Make expand_tabs() UTF-8 aware.

Previously, expand_tabs() counted every *byte* rather than every *character* to determine the proper tab stops. This change fixes that by skipping over UTF-8 continuation bytes (bytes of the form 10xxxxxx), which are the only types of bytes in valid UTF-8 that do not start a character.

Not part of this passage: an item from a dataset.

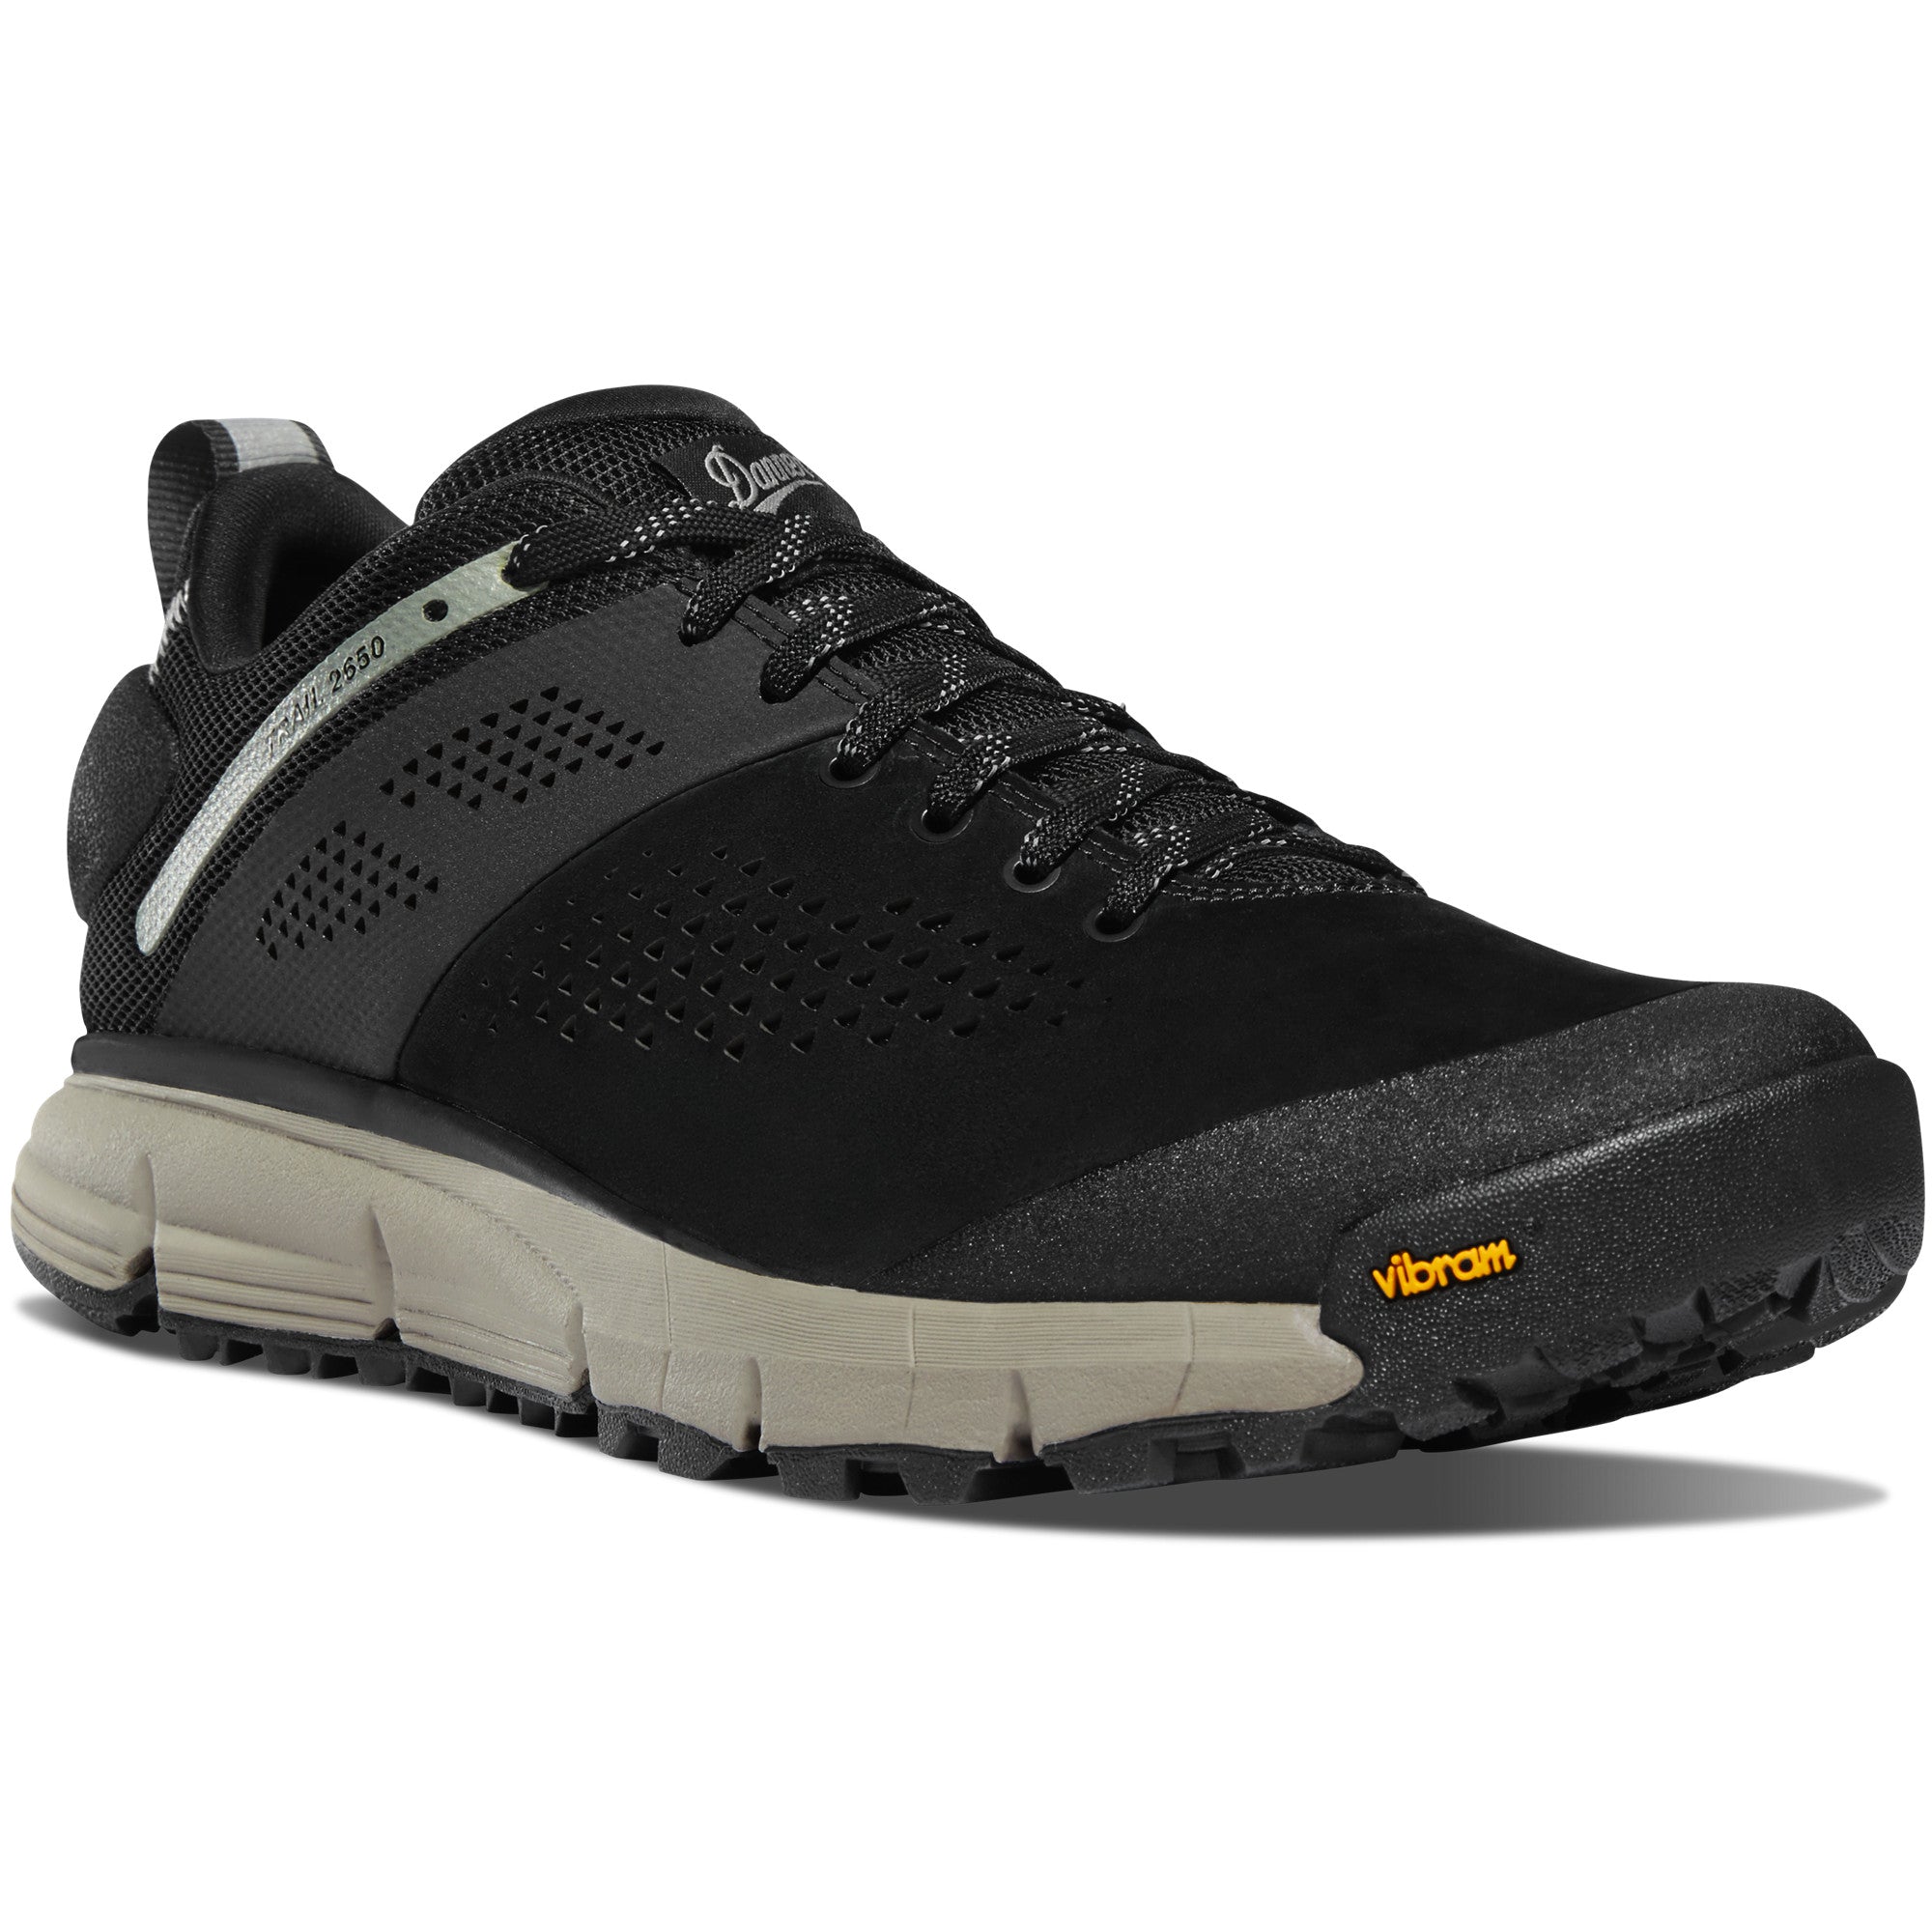 Danner Men's Trail 2650 3" Hiking Shoe in Black/Gray from the side

This code does not skip over combining characters.
2014-09-20 02:26:20 -04:00 · 2014-09-20 02:26:20 -04:00 · 23a8c1933b
commit 23a8c1933b
parent ebb1a34d0f
1 changed files with 10 additions and 1 deletions
--- a/src/document.c
+++ b/src/document.c
@ -2662,13 +2662,22 @@ is_ref(const uint8_t *data, size_t beg, size_t end, size_t *last, struct link_re

 static void expand_tabs(hoedown_buffer *ob, const uint8_t *line, size_t size)
 {
+	/* This code makes two assumptions:
+	 * - Input is valid UTF-8.  (Any byte with top two bits 10 is skipped,
+	 *   whether or not it is a valid UTF-8 continuation byte.)
+	 * - Input contains no combining characters.  (Combining characters
+	 *   should be skipped but are not.)
+	 */
 	size_t  i = 0, tab = 0;

 	while (i < size) {
 		size_t org = i;

 		while (i < size && line[i] != '\t') {
-			i++; tab++;
+			i++;
+			/* ignore UTF-8 continuation bytes */
+			if ((line[i] & 0xc0) != 0x80)
+				tab++;
 		}

 		if (i > org)